From the Guidelines
The next medication group to be tried in a patient with moderate to severe hypertension on a beta blocker and clonidine should be an ACE inhibitor or an ARB, in combination with a dihydropyridine CCB or a diuretic.
Rationale
- The patient is already on a beta blocker, which is recommended to be combined with other major BP-lowering drug classes when there are other compelling indications for their use 1.
- Clonidine is a centrally acting BP-lowering medication, and the guidelines recommend considering the addition of a RAS blocker (either an ACE inhibitor or an ARB) with a dihydropyridine CCB or diuretic for patients with uncontrolled hypertension 1.
- The combination of a RAS blocker with a dihydropyridine CCB or diuretic is recommended as a first-line treatment for hypertension, and is preferred over monotherapy 1.
- The guidelines also recommend considering the use of single-pill combinations, which can improve adherence and reduce side effects 1.
- Key medication options include:
- ACE inhibitors (e.g. lisinopril, enalapril)
- ARBs (e.g. losartan, valsartan)
- Dihydropyridine CCBs (e.g. amlodipine, felodipine)
- Diuretics (e.g. hydrochlorothiazide, chlorthalidone)
Considerations
- The patient's kidney function and electrolyte levels should be monitored when starting an ACE inhibitor or ARB, as these medications can increase the risk of hyperkalemia and acute kidney injury 1.
- The patient's blood pressure should be closely monitored after starting the new medication, and the dose should be adjusted as needed to achieve optimal blood pressure control 1.
- If the patient's blood pressure is still not controlled after adding the new medication, consideration should be given to adding a third medication, such as spironolactone or a beta blocker, or referring the patient to a specialist for further evaluation 1.
From the FDA Drug Label
Clonidine hydrochloride tablets, USP may be employed alone or concomitantly with other antihypertensive agents. The FDA drug label does not answer the question.
From the Research
Medication Group for Moderate to Severe Hypertension
The patient is currently on a beta blocker and clonidine.
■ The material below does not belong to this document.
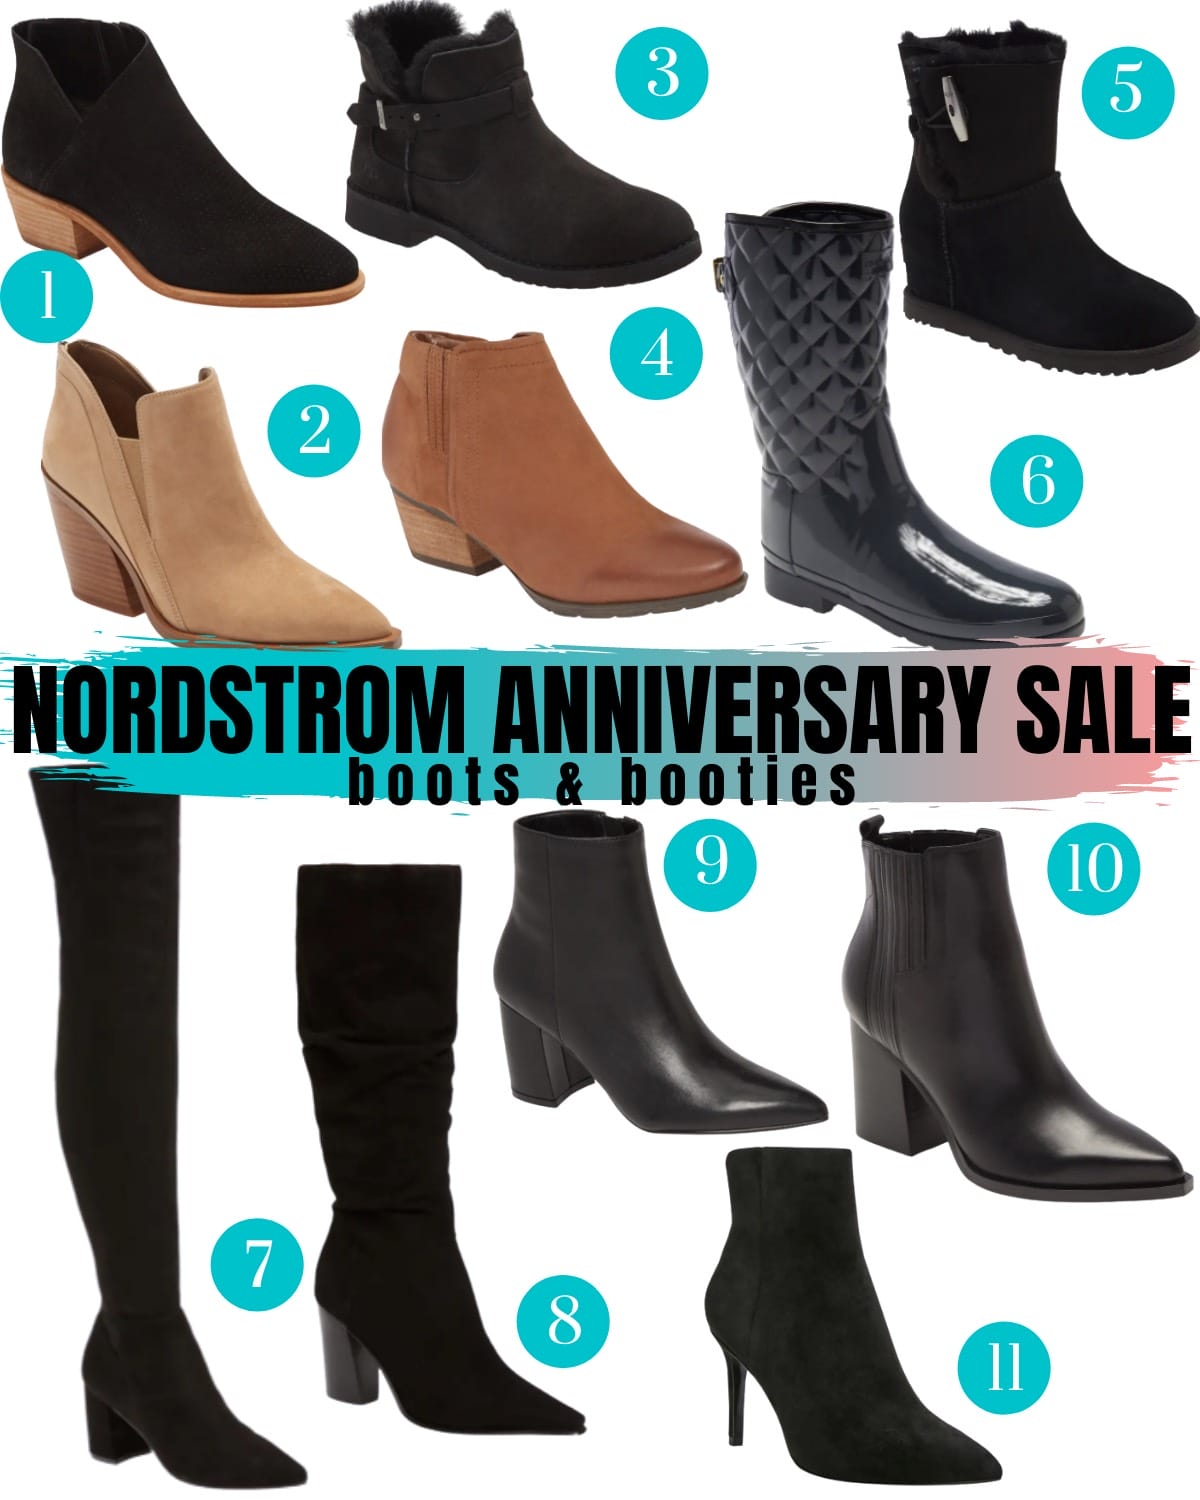 Nordstrom Anniversary Sale 2020 boots and booties

Considering the next medication group to try, the following options are available:
- Thiazide diuretics: High-quality evidence shows that first-line low-dose thiazides reduce mortality, total cardiovascular events, stroke, and coronary heart disease 2.
- ACE inhibitors: Low- to moderate-quality evidence shows that first-line ACE inhibitors reduce mortality, stroke, coronary heart disease, and total cardiovascular events 2.
- Calcium channel blockers: Low-quality evidence shows that first-line calcium channel blockers reduce stroke and total cardiovascular events, but not coronary heart disease or mortality 2.
- Triple-combination therapy: Randomised controlled trials have shown that triple combinations of amlodipine/valsartan/hydrochlorothiazide, amlodipine/olmesartan/hydrochlorothiazide, and amlodipine/telmisartan/hydrochlorothiazide produce greater BP reductions, with greater proportions of patients achieving BP control compared with dual therapies 3.
Key Considerations
- The combination of clonidine and a beta-blocker is an effective antihypertensive medication, but patients may be at risk of severe rise of blood pressure and intolerable symptoms of clonidine withdrawal if clonidine is abruptly ceased 4.
- Gradually changing from clonidine to beta-blockers can be successful with few side-effects 4.
- Triple-combination therapy is generally well tolerated with adverse event profiles similar to dual regimens 3.
Potential Next Steps
- Consider adding a thiazide diuretic, ACE inhibitor, or calcium channel blocker to the patient's current medication regimen.
- If the patient's blood pressure remains uncontrolled, consider switching to a triple-combination therapy.
- Monitor the patient's blood pressure and adjust the medication regimen as needed to achieve optimal blood pressure control.